The French Ministry of Culture and Communication has a web portal, called Site Rose Valland Service des musées de France, which lists recovered artworks held in French national museums.
Personal life
Following the end of the Second World War Valland began a relationship with Joyce Helen Heer, a Liverpool born secretary-interpreter at the Embassy of the United States. The two women shared an apartment on rue de Navarre in the 5th arrondissement of Paris. The relationship ended upon Heer’s death of breast cancer whereupon she was interred in Valland’s family vault.In popular culture
The 1964 John Frankenheimer film The Train was loosely based on her book, and includes a character named "Mlle Villard". Valland's role in preserving the stolen art was discussed as part of the book and documentary, The Rape of Europa.In 2006, Valland was the subject of Corinne Bouchoux's biography "Rose Valland: Resistance at the Museum."
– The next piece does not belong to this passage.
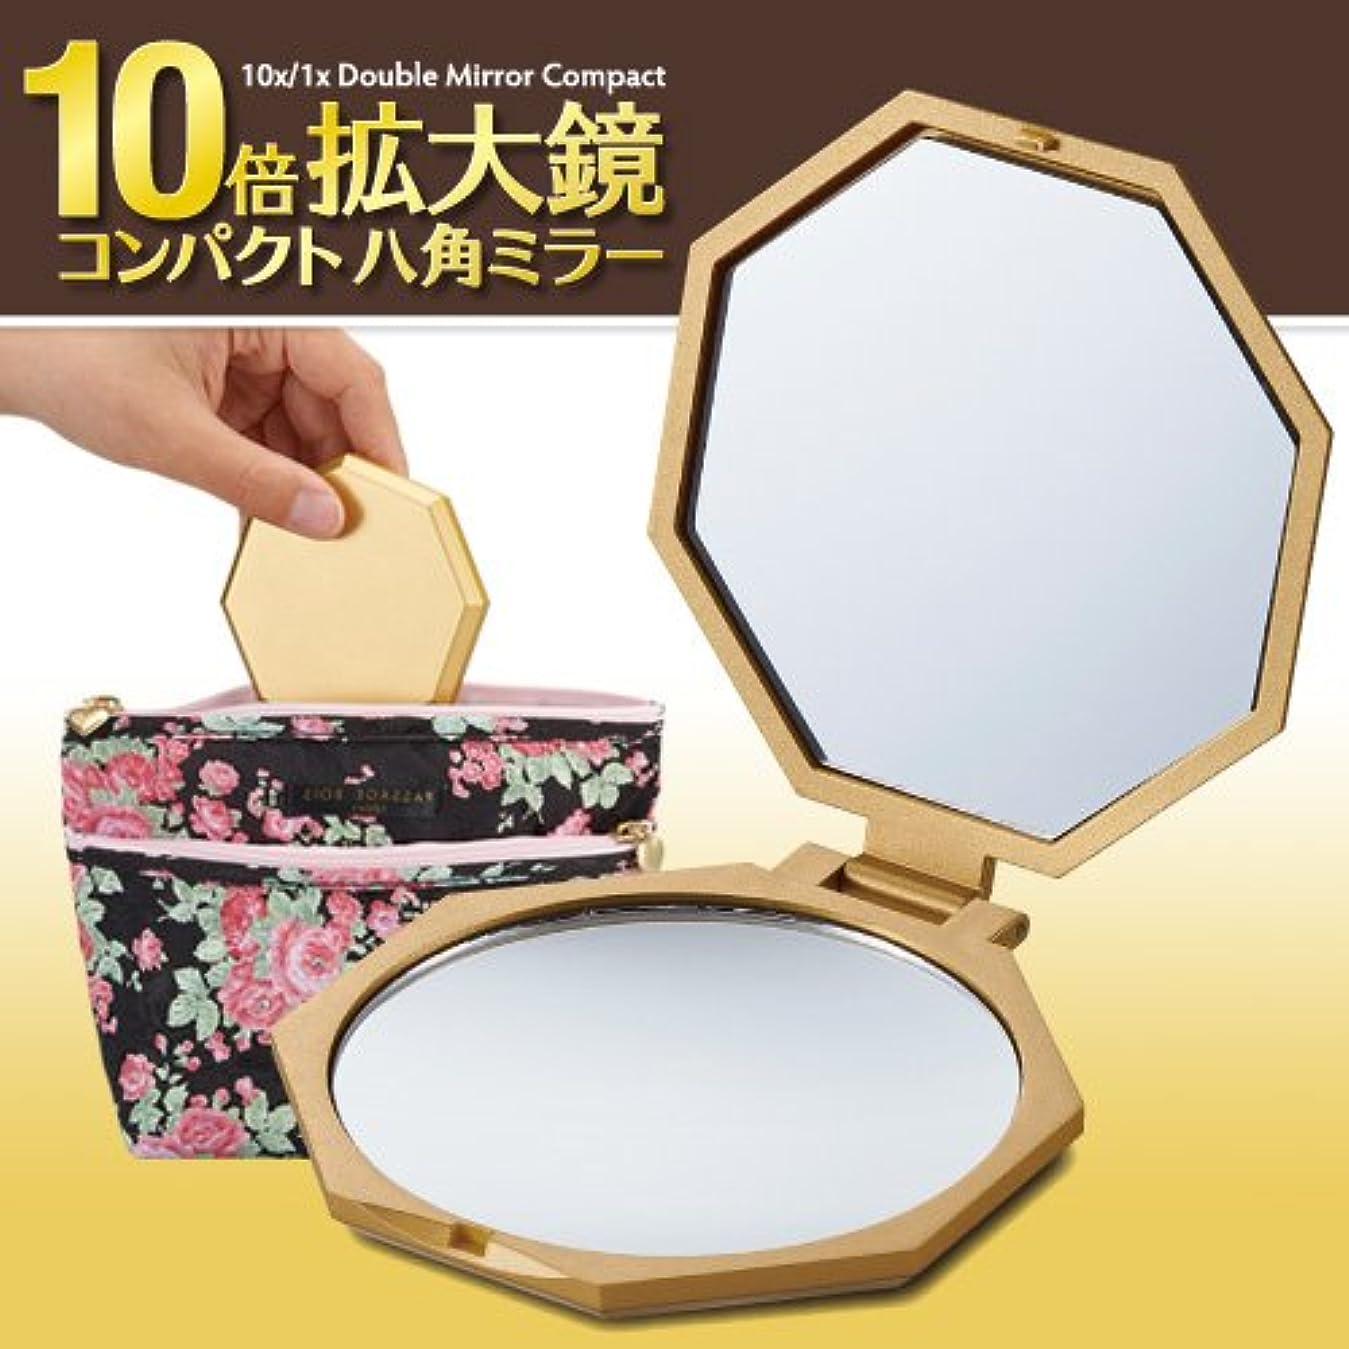 喜ぶシンプルな姿勢八角形×金色の風水デザイン コンパクトな10倍拡大鏡付きミラー【携帯ミラー アイメイクなどの細かいお化粧用鏡】

Rose Valland is a character in the 2014 novel Portrait of a Woman in White, by Susan Winkler. The book tells the story of Nazi art looting in France and a French art-collecting family.
In Sara Houghteling's novel, Pictures at an Exhibition, the character of Rose Clément is based on Rose Valland. In 2009 Valland was also one of the main subjects of Robert M. Edsel's book "The Monuments Men," which would later serve as the basis of the 2014 film of the same name.
Valland was an inspiration for the character of Claire Simone, portrayed by Cate Blanchett in the George Clooney-directed film The Monuments Men, released in February 2014.
She is also mentioned in the French thriller L'Antiquaire.
In Paris, France, in her memory, two commemorative plaques were inaugurated : one in front of the Musée du Jeu de Paume, in the Jardin des Tuileries, and the second on the building where she lived with Joyce Heer, in the 5th arrondissement. A Parisian street is also named after her in the 17th arrondissement.. Other streets are named after her in several French cities, as in Grenoble.
French governement made also a rose and a stamp in her memory.